# Smart kid



## D_Brady (Dec 14, 2004)

A first-grade teacher was having trouble with one of her students.
The teacher asked, "Little Johnny what is your problem?"

Little Johnny answered, "I'm too smart for the first-grade. My sister is in the third-grade and I'm smarter than she is! I think I should be in the third-grade too!"

The teacher had enough. She took Little Johnny to the principal's office. While Little Johnny waited in the outer office, the teacher explained to the principal what the situation was. The principal told the teacher he would give the boy a test and if he failed to answer
any of his questions he was to go back to the first-grade and behave.

The teacher agreed.

Little Johnny was brought in and the conditions were explained to him and he agreed to take the test.

Principal: "What is 3 x 3?"

Little Johnny: "9"

Principal: "What is 6 x 6?"

Little Johnny: "36"

And so it went with every question the principal thought a third-grade should know.
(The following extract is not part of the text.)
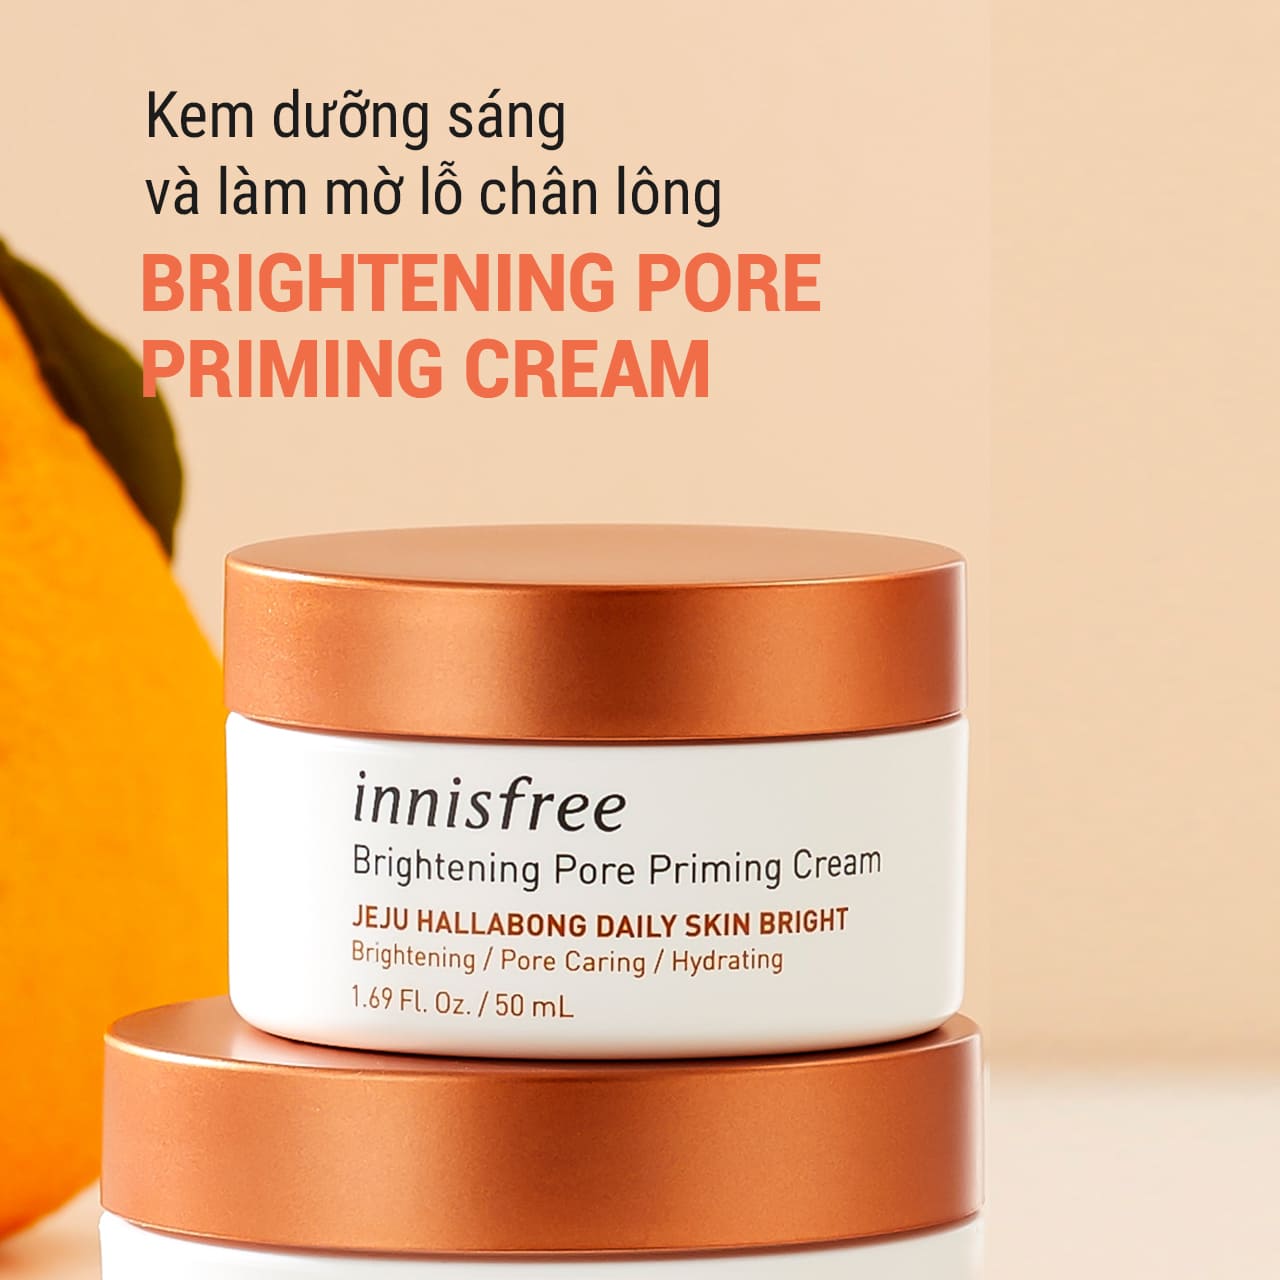 Bộ Tinh chất Retinol Cica Repair Ampoule và Kem dưỡng Brightening Pore Priming Cream

The principal looks at the teacher and tells her, "I think Little Johnny can go to the third-grade."

The teacher says to the principal, "Let me ask him some questions?"

The principal and Little Johnny both agree.

Teacher: "What does a cow have four of that I have only two of?

Little Johnny: "Legs"

Teacher: "What is in your pants that you have but I do not have?"

(The principal wondered, why does she ask such a question!)

Little Johnny: "Pockets"

Teacher: "What does a dog do that a man steps into?"

Little Johnny: "Pants"

Teacher: What's starts with a C and ends with a T, is hairy, oval, delicious and contains thin whitish liquid?"

The principal's eyes open really wide and before he could stop the answer...)

Little Johnny: "Coconut"

Teacher: "What goes in hard and pink then comes out soft and sticky?"

Little Johnny: "Bubblegum"

Teacher: "What does a man do standing up, a woman do sitting down and
a dog do on three legs?"

The principal's eyes open really wide and before he could stop the answer...)

Little Johnny: "Shake hands"

Teacher: "Now I will ask some '"Who am I" sort of questions, okay?"

Little Johnny: "Yup"

Teacher: you blow me, you feel good"

Little Johnny: "Nose"

Teacher: "I have a stiff shaft. My tip penetrates. I come with a quiver"

Little Johnny: "Arrow"

Teacher: "What word starts with an 'F' and ends in 'K' that means alot of excitement?"

Little Johnny: "Firetruck"

The principal breathed a sigh of relief and told the teacher, "Put his *** in the fifth-grade, I got the last ten questions wrong myself."


----------



## ppko (Dec 14, 2004)

Lol


----------



## KenpoTex (Dec 15, 2004)

Nice!:roflmao:


----------